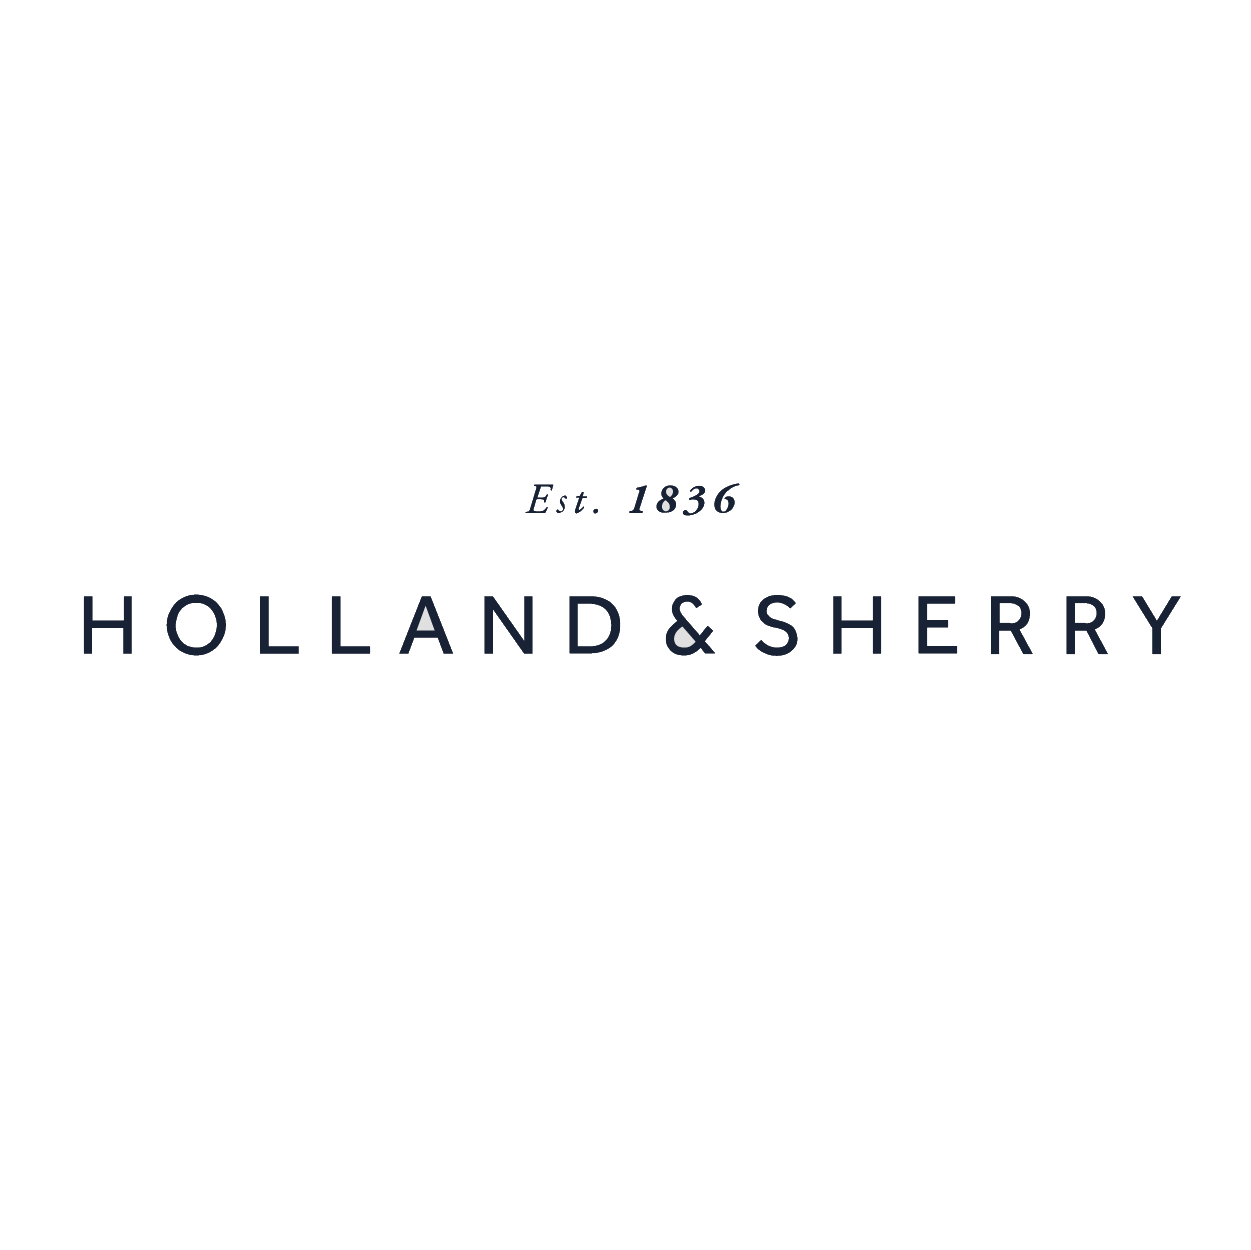 HOLLAND-SHERRY
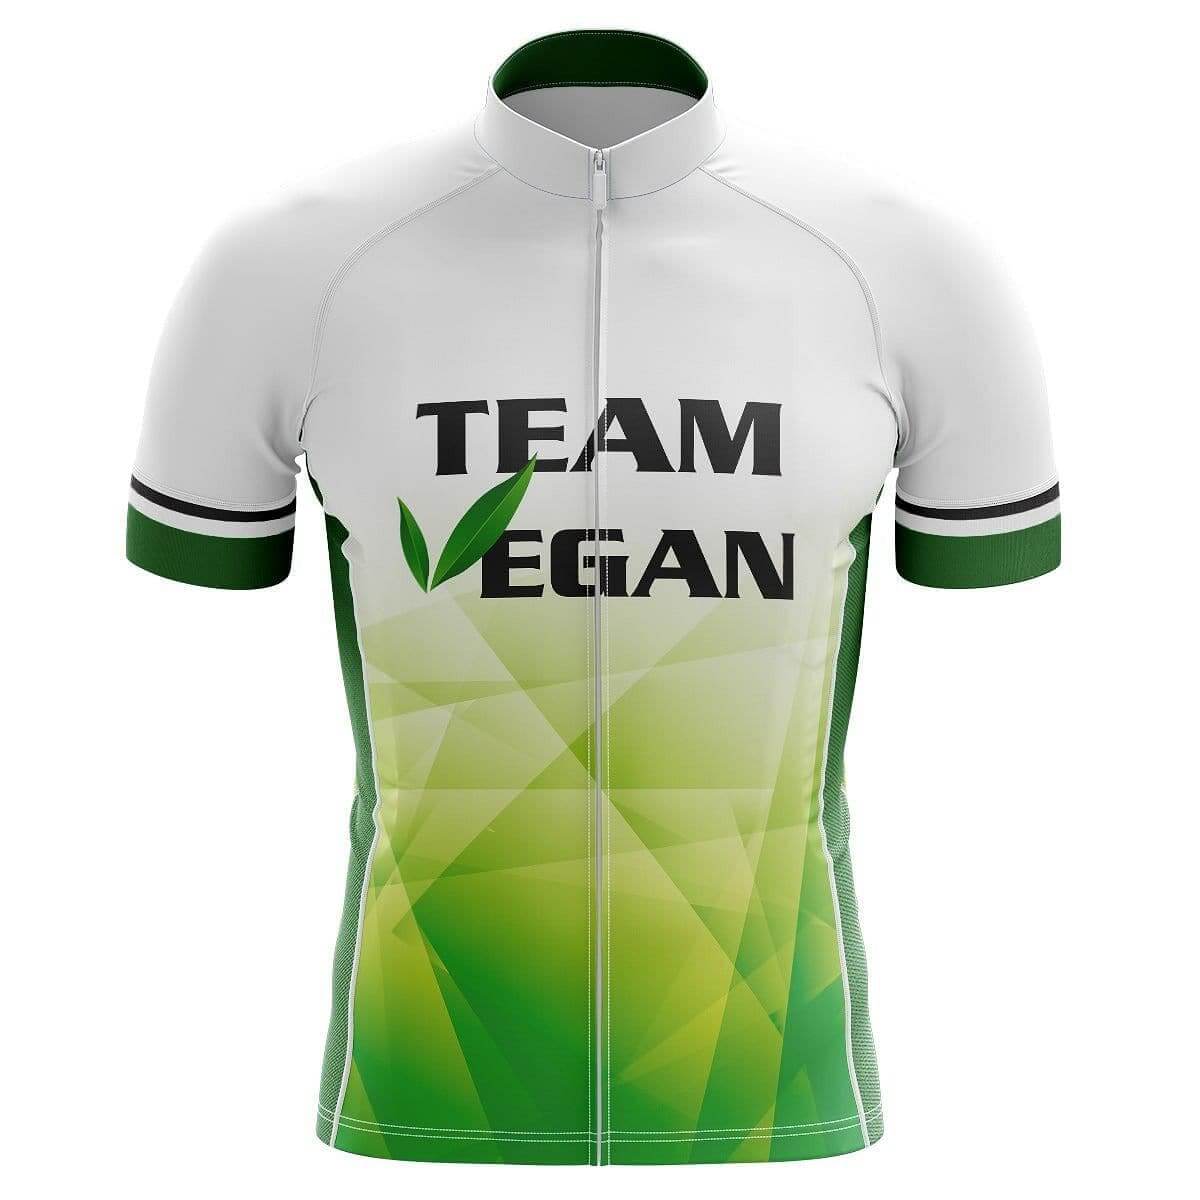 Team Vegan Cycling Jersey
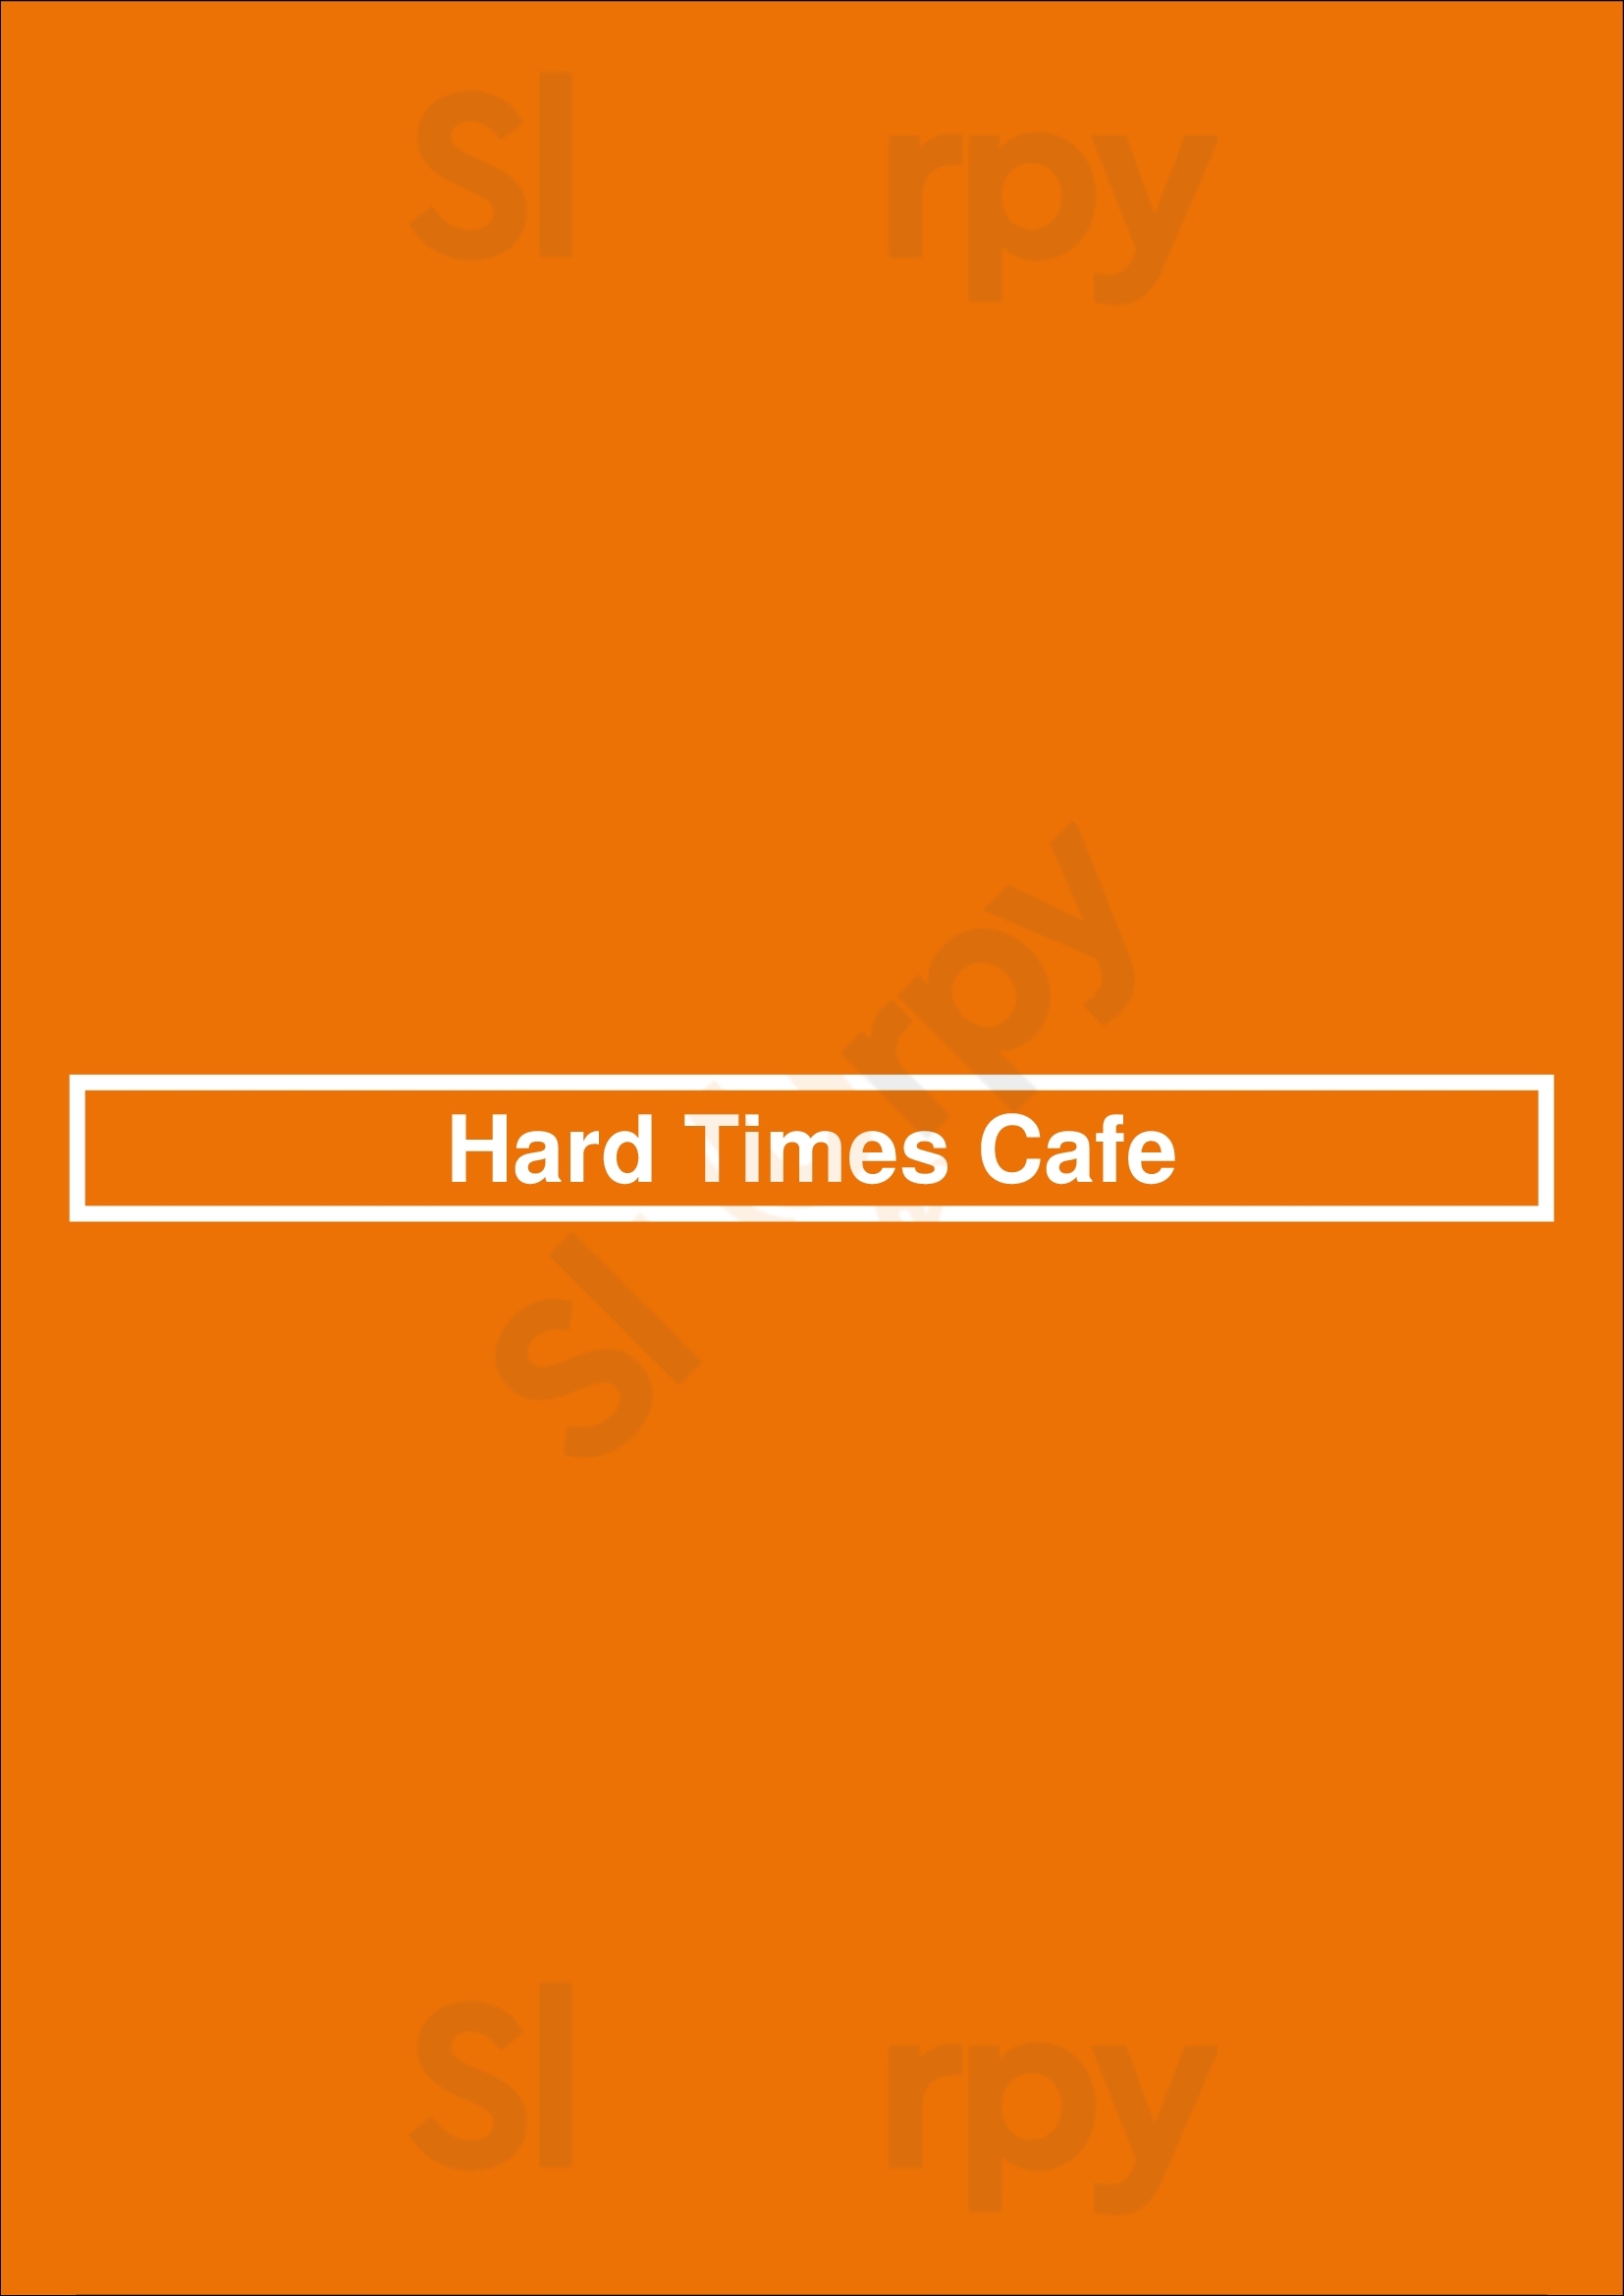 Hard Times Cafe Alexandria Menu - 1

* What is being asked: Everything from the line containing "Team Vegan Cycling Jersey" through the final line of the material must be set down exactly, except the pictures.

* Finished exercise:
 Team Vegan Cycling Jersey
 Hard Times Cafe Alexandria Menu - 1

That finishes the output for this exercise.